New backward whirl phenomena in intact and cracked rotor systems

Abstract

Based on several published studies and relevant Campbell diagrams, it is well known that the passage through the critical backward whirl (BW) rotational speeds in rotor systems should theoretically precede the passage through the critical forward whirl (FW) rotational speeds. Theoretically, this means that the location of the zone/zones of the BW orbits should be captured before acquiring and exceeding the critical FW rotational speed under the effect of an unbalanced force excitation. However, for rotor systems that exhibit recurrent startup and coast down operations, the associated equations of motion take the form of linear time-varying (LTV) equations for which the traditional Campbell diagram is no longer valid for predicting the related critical FW and BW rotational speeds. Accordingly, herein, it is numerically and experimentally verified that new zones of BW rotational speeds appear immediately after the critical FW rotational speed is acquired and exceeded during startup and coast down operations in the cases of intact and cracked rotor systems.
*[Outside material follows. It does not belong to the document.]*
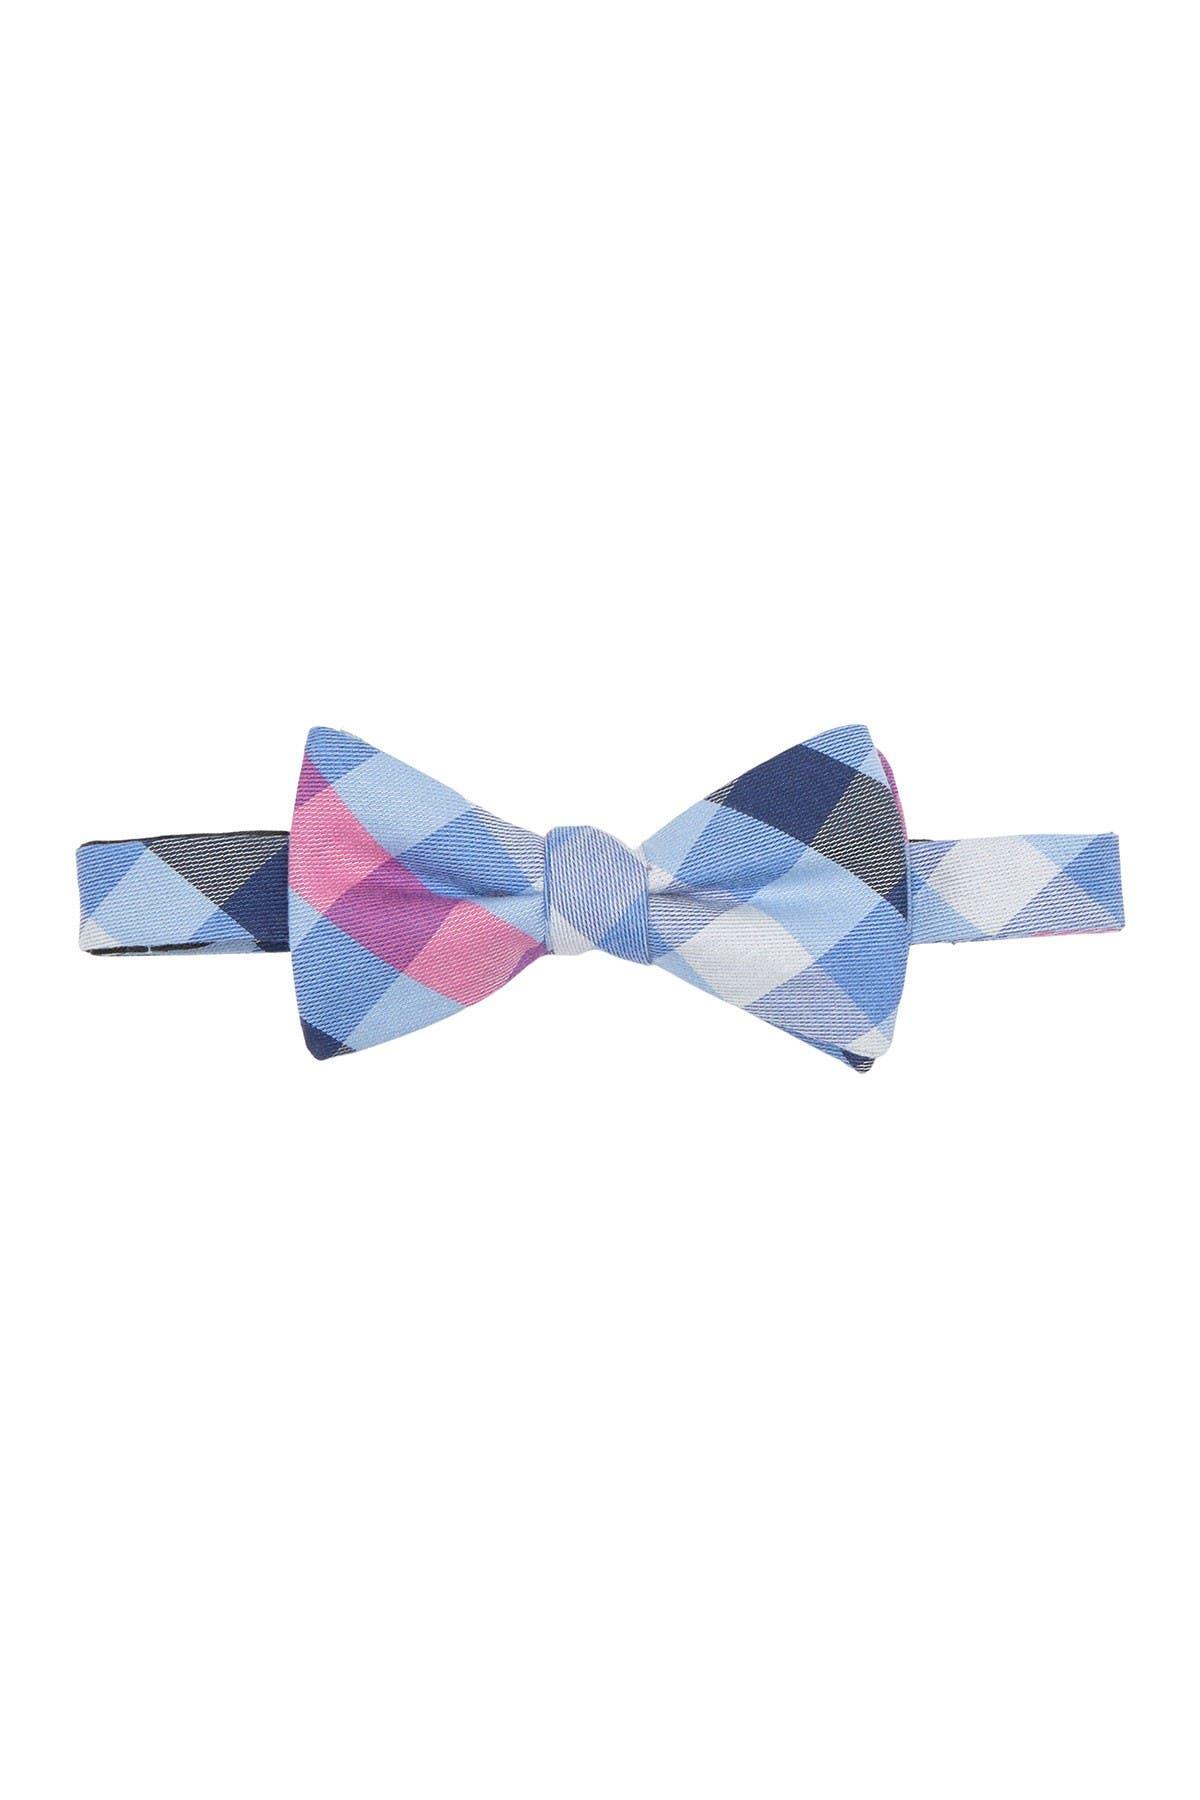 Image of Tommy Hilfiger Preppy Plaid Print Bow Tie
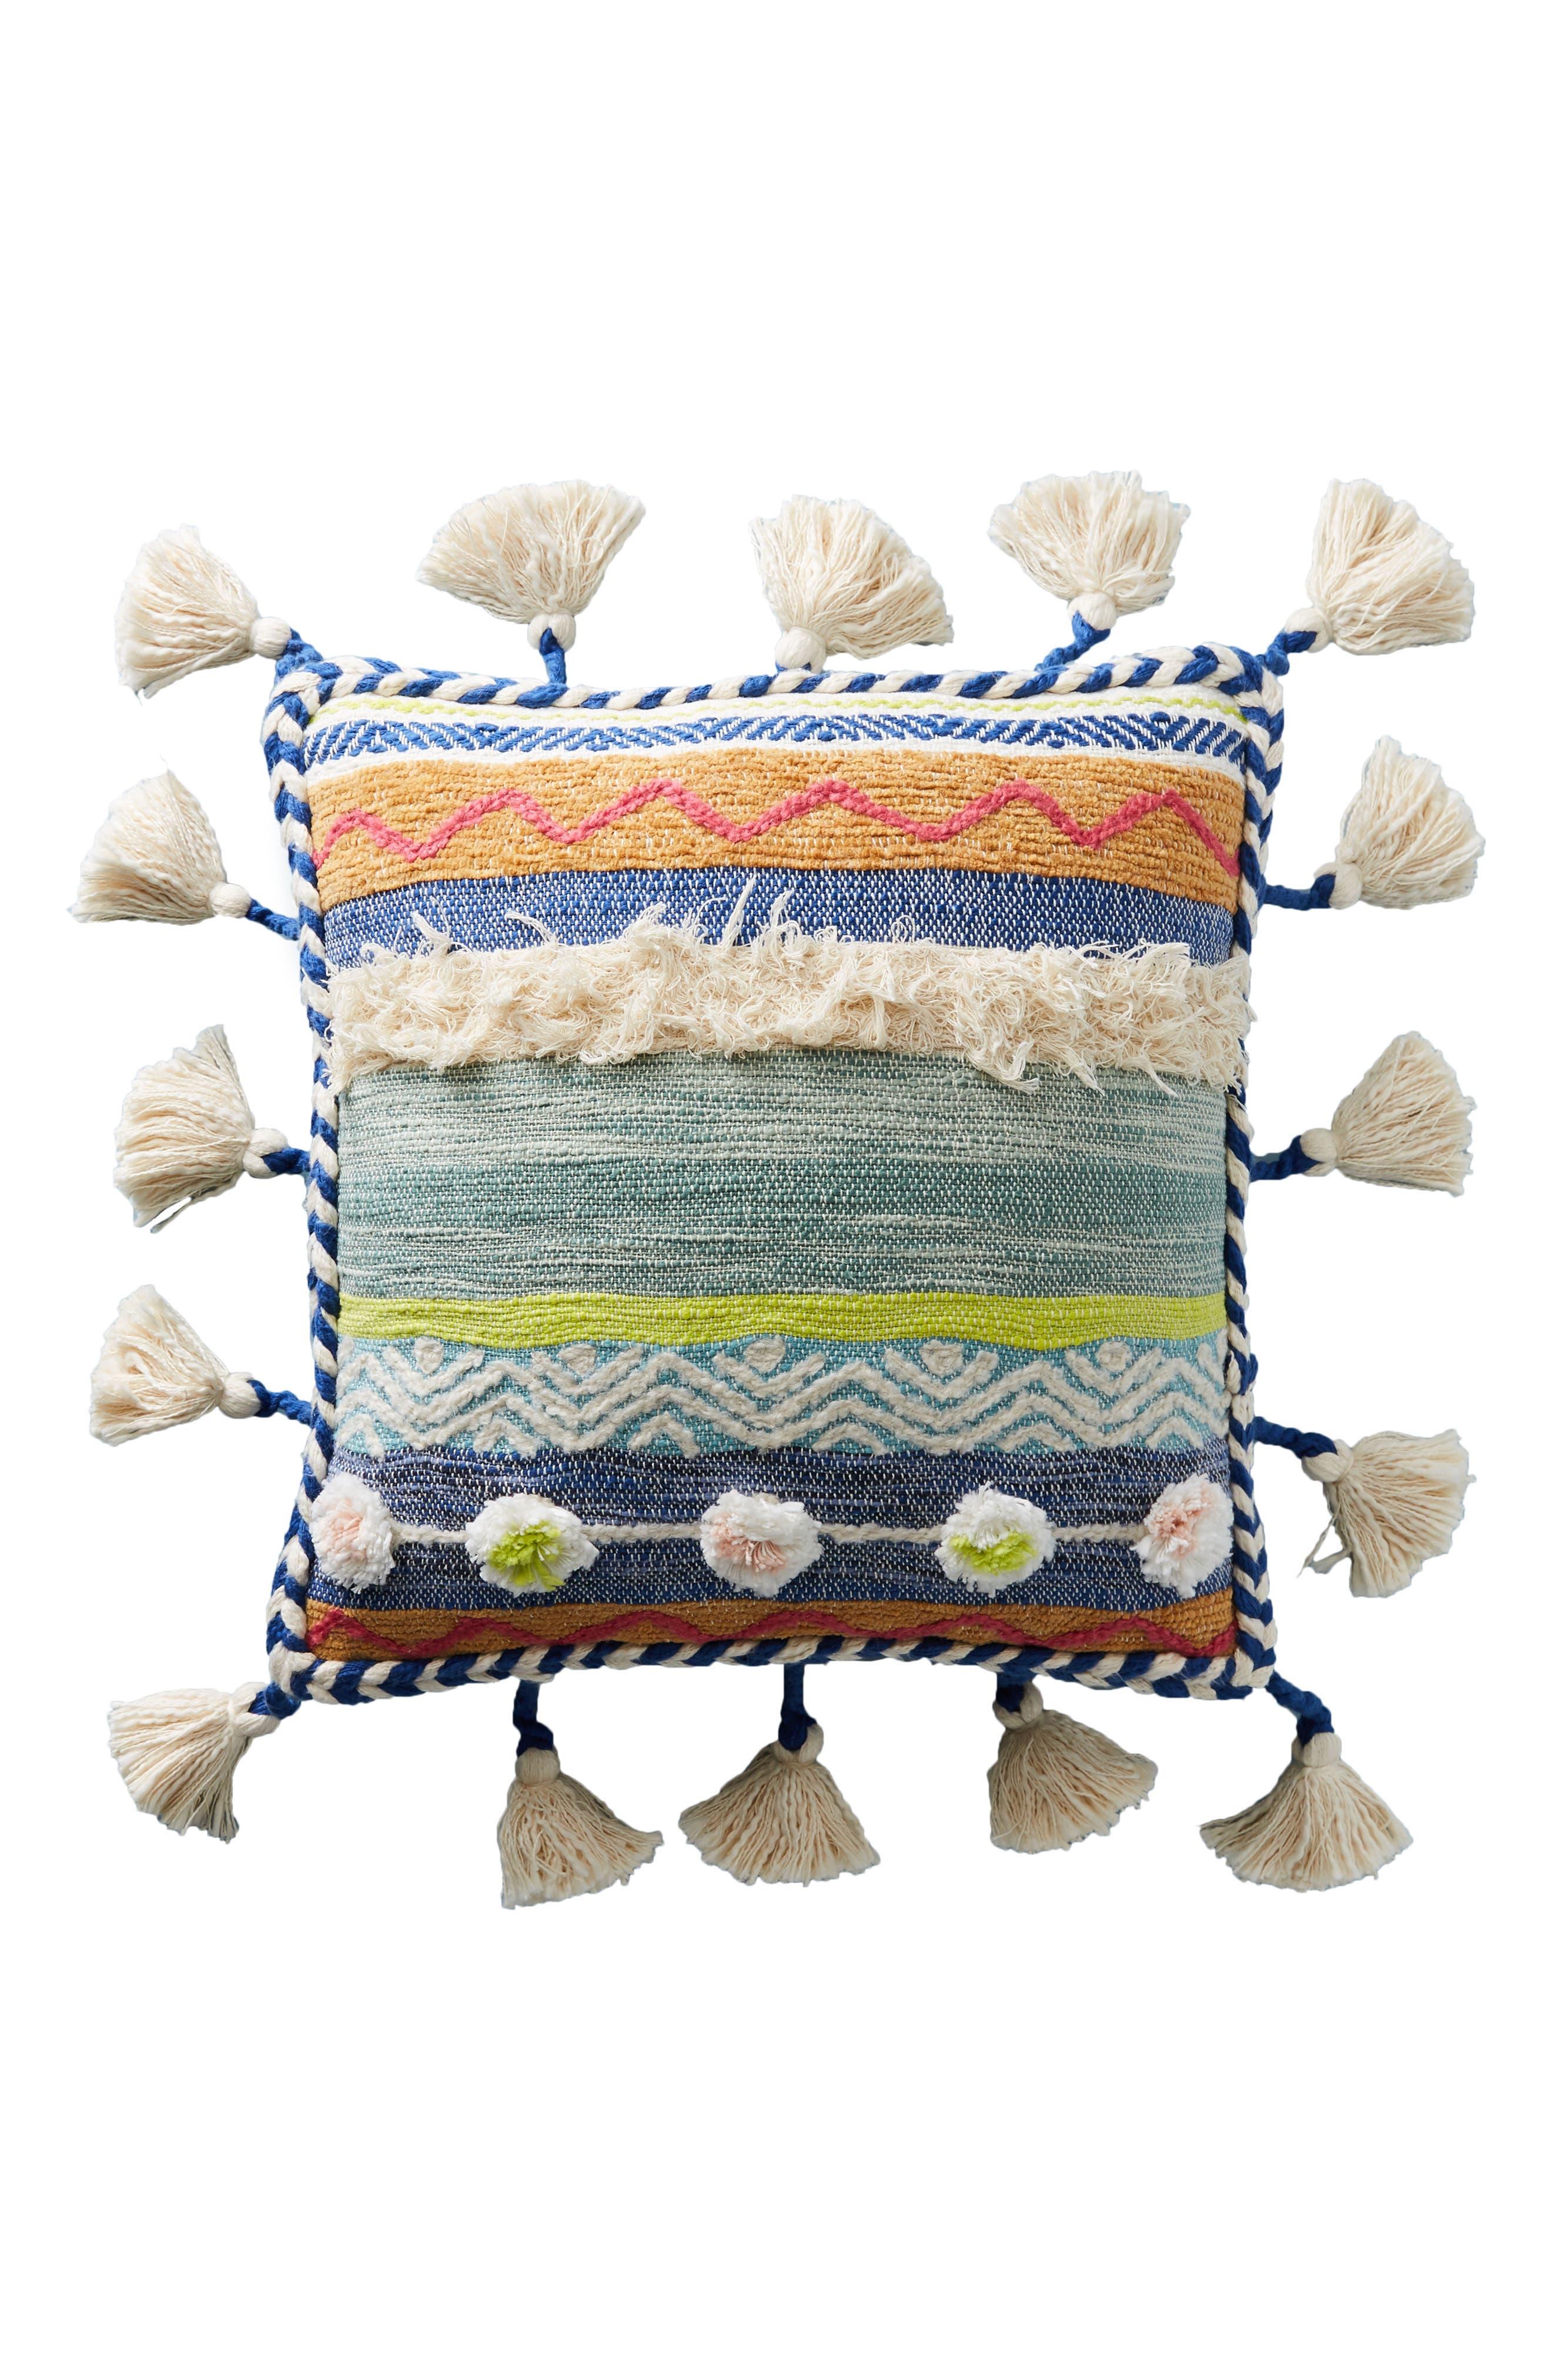 Woven Rami Accent Pillow,                             Alternate thumbnail 6, color,                             Blue Combo

These numerical and experimental investigations have been carefully conducted to provide robust evidence about the appearance of these new BW zones. These discovered BW zones are found to be affected by the crack damage in the shaft and were accompanied with a stiffness asymmetry in the bearings. Unlike the case where the critical FW rotational speed is acquired and exceeded, the vibration during the case at which speeds acquire and exceed these new BW zones of rotational speeds was found to be associated with an abrupt reduction in whirl amplitudes to minimum values for both start-up and coast down operations.